I recently found myself in the Oxford Blackwells’ Norrington Room browsing the shelves for some holiday reading. One book in particular caught my eye, a blend of evolution — a topic that has long interested me — and cancer biology, a topic I’m increasingly exposed to in immune repertoire analysis collaborations but on which I am assuredly “non-expert”!

The Cheating Cell by Athene Aktipis provides a theoretical framework for understanding cancer by considering it as a logical sequitor of the advent of successful multicellular life.

Cancer often results from mutations leading to a local exploitation of entirely natural ‘overactivity’. For example, cells need to go into overdrive in a coordinated way at various times of life, such as to enable foetal development or perform efficient cellular repair. The body has also evolved to tolerate somatic mutation in some contexts, such as in the adaptive immune system, to enable bespoke responses to a wide range of pathogens. The evolutionary costs of precluding such processes in the body are simply too great.

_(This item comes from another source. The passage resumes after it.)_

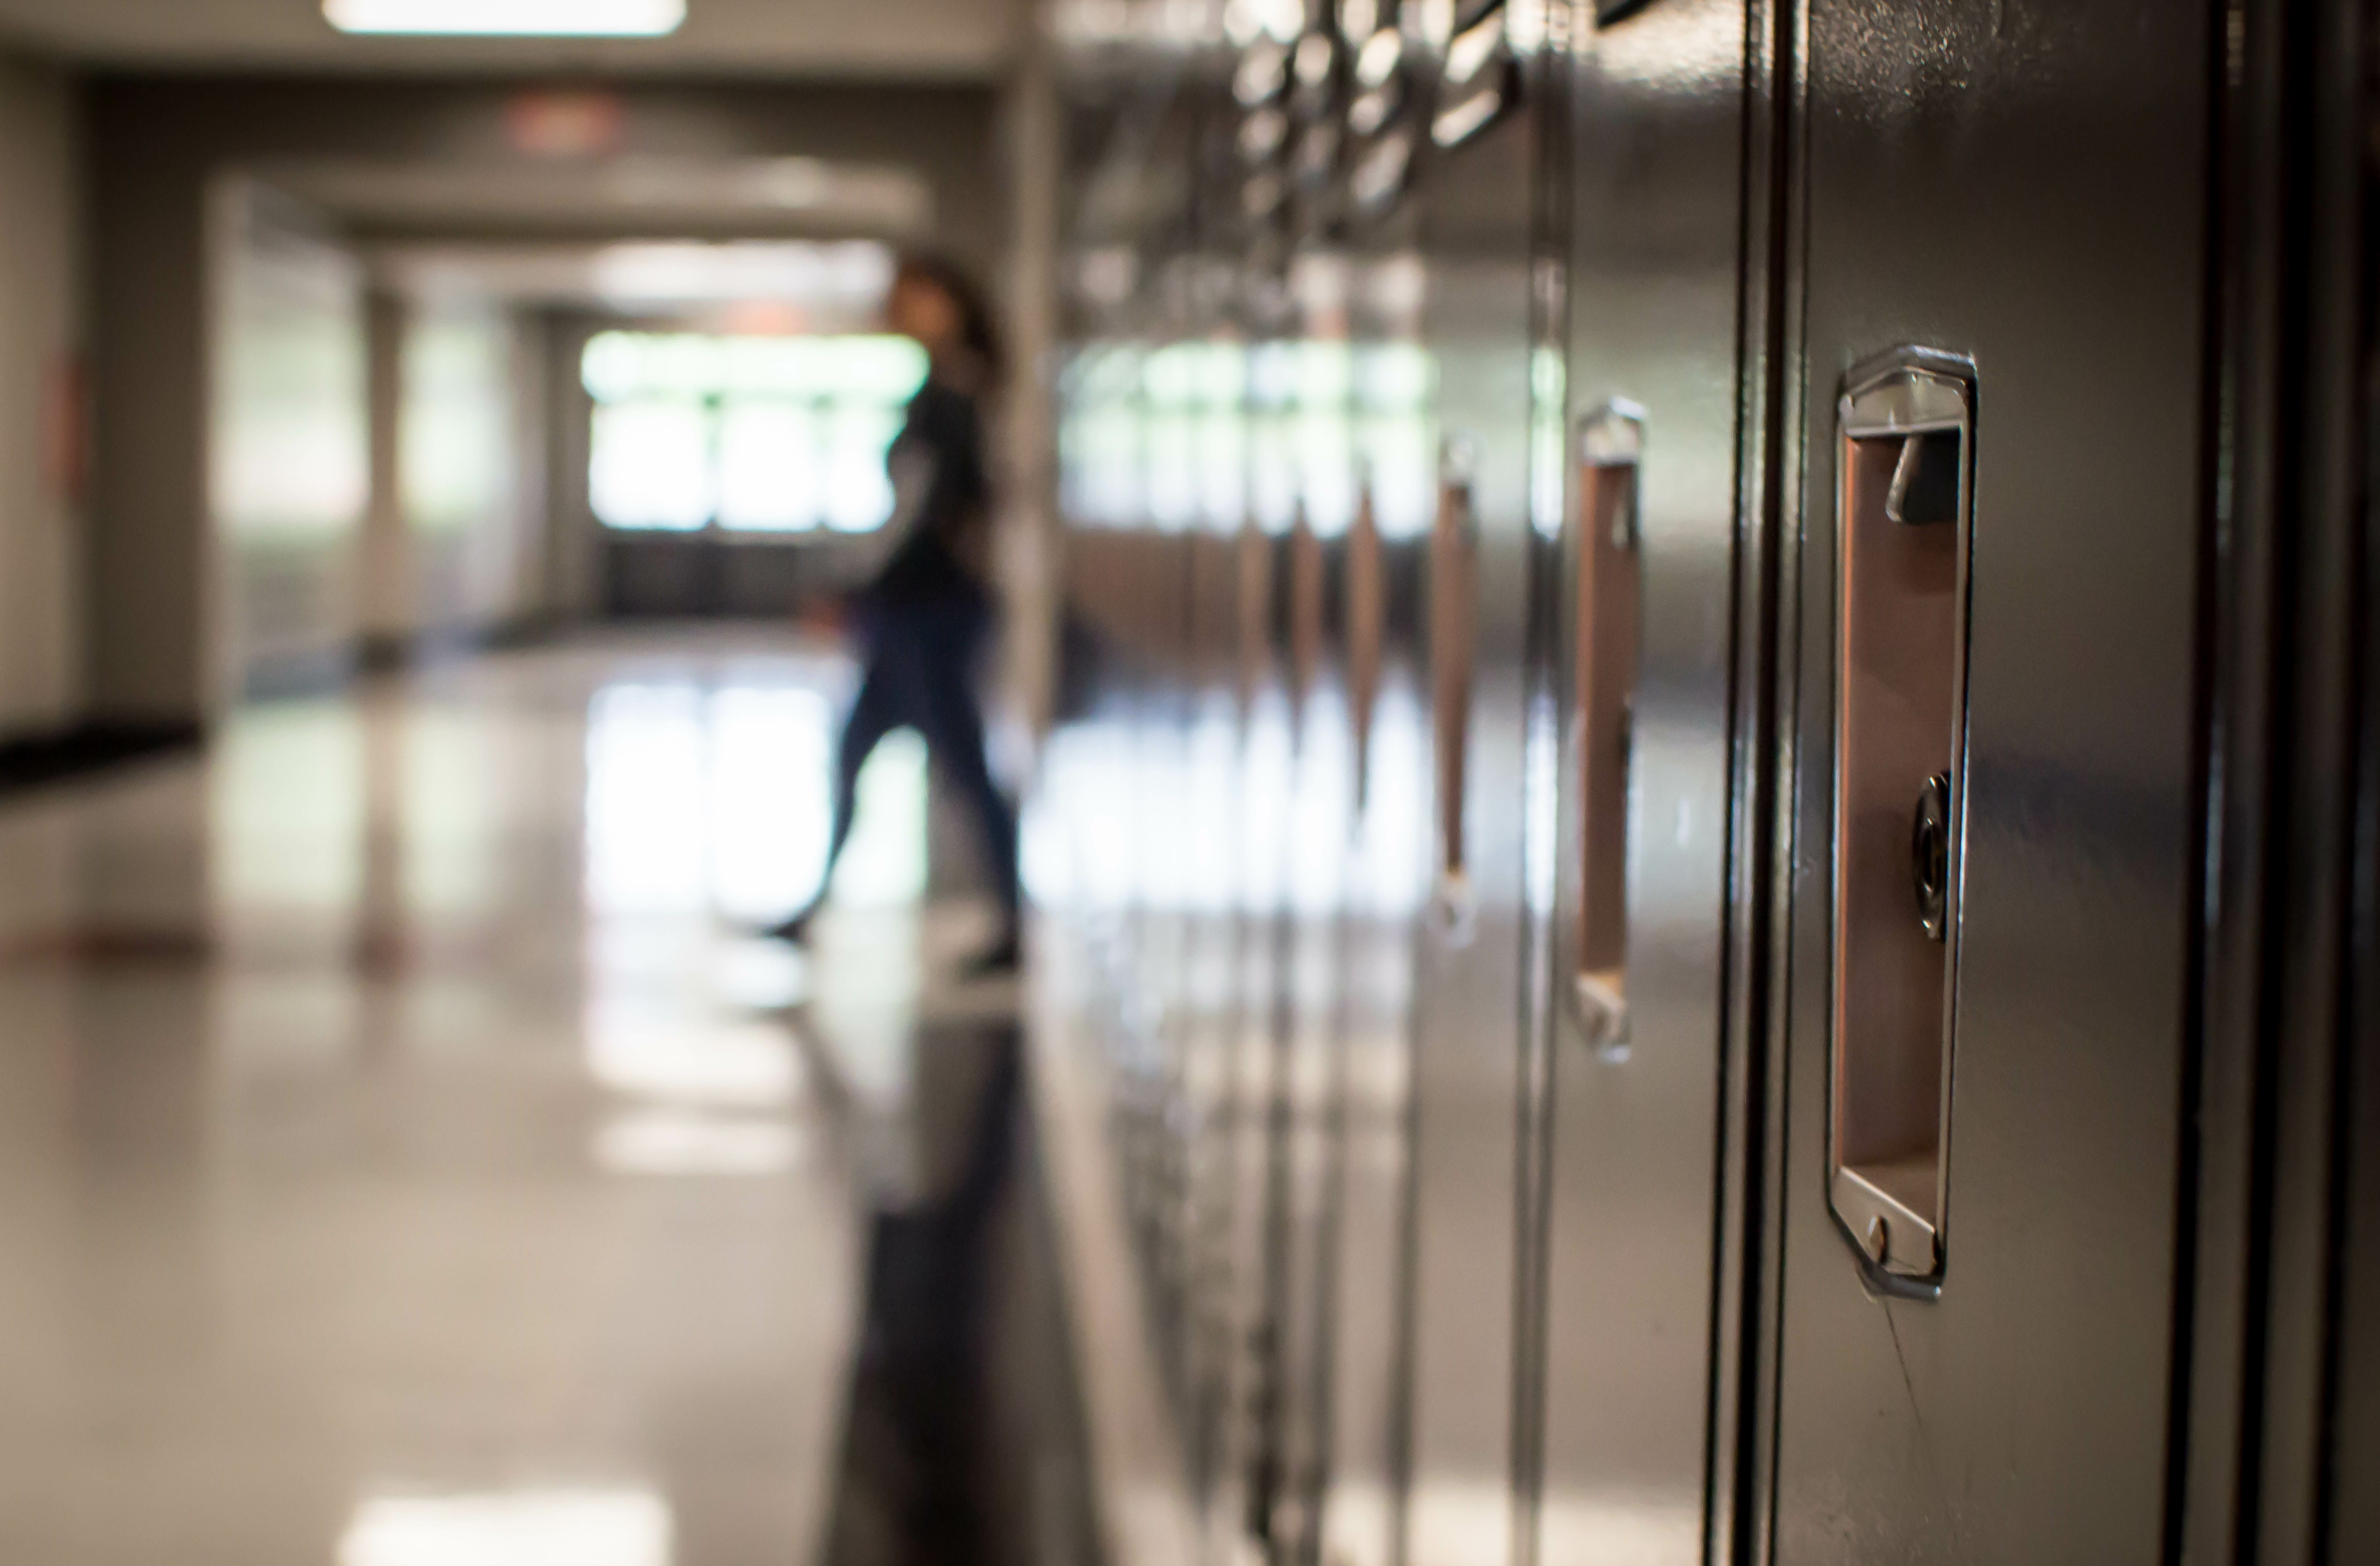 4 security tactics you should take as schools reopen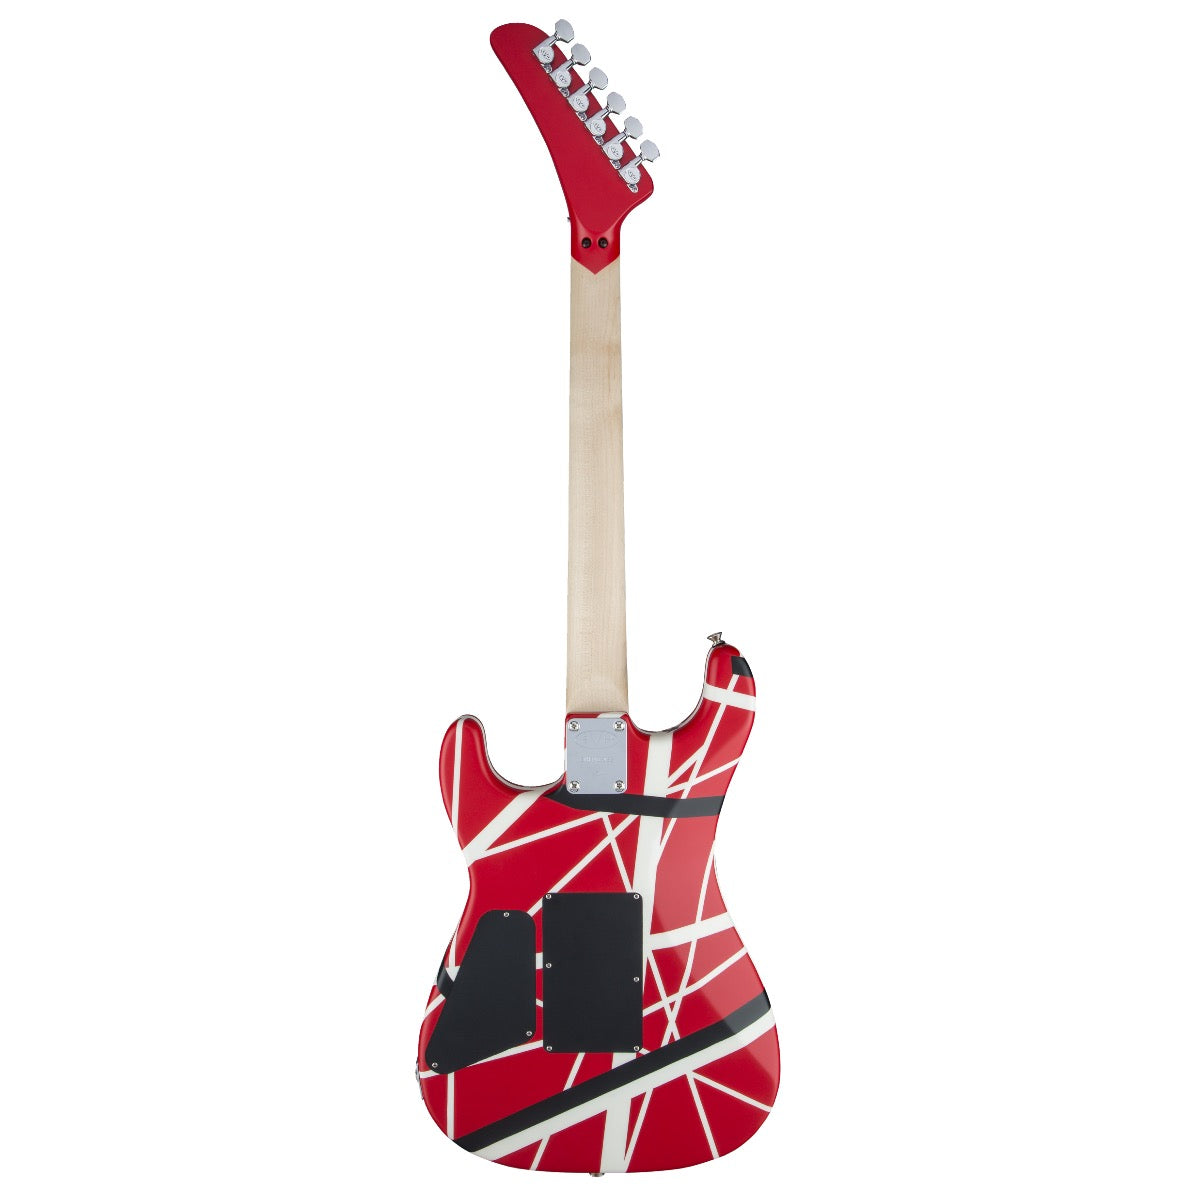 Series　White　5150®　Alto　Red,　Music　Stripes　Electric　Guitar　–　Black　and　EVH　Striped

Therefore, we have retained these crucial chemical mechanisms, despite them positioning us on the precipice of cancer, instead evolving regulatory elements (e.g. the commonly-studied TP53 gene) that seek to spot when cells are going out of control. But these regulatory genes have to strike the balance between letting the body loose when necessary and clamping down on activity when a cell is being exploitative. Having more copies of a regulatory gene leads to tighter cellular restriction, and a concurrent reduction in cancer probability, but also reduces the speed of cellular growth/repair and lowers fertility. The book dives into a range of examples from across the plant and animal kingdoms.

A fascinating observation is that often the maternal epigenome appears to prime towards the expression of regulatory elements, while the paternal epigenome does the opposite; potential reasons for why this phenomenon has evolved are explored in Chapter 4.

The book also considers how cancer develops once it has arisen, including the evolutionary/ecological drive towards further mutation to create a heterogenous tumour population (which may lead to cooperativity) and to metastasise, particularly upon depletion of the resources in the tumour microenvironment.

Chapter 7 concludes by considering how the concepts introduced in the previous chapters are being exploited by drug developers to design the next generation of cancer medication. A striking theme is that our mentality may need to shift away from tumour eradication and towards sustained control.

I’ve tried not to give too much away in this blog post, as I don’t want to spoil the book for those who haven’t yet read it! But suffice to say I found this a very instructive read and believe it offers an insightful perspective on how we will tackle cancer in the coming decade.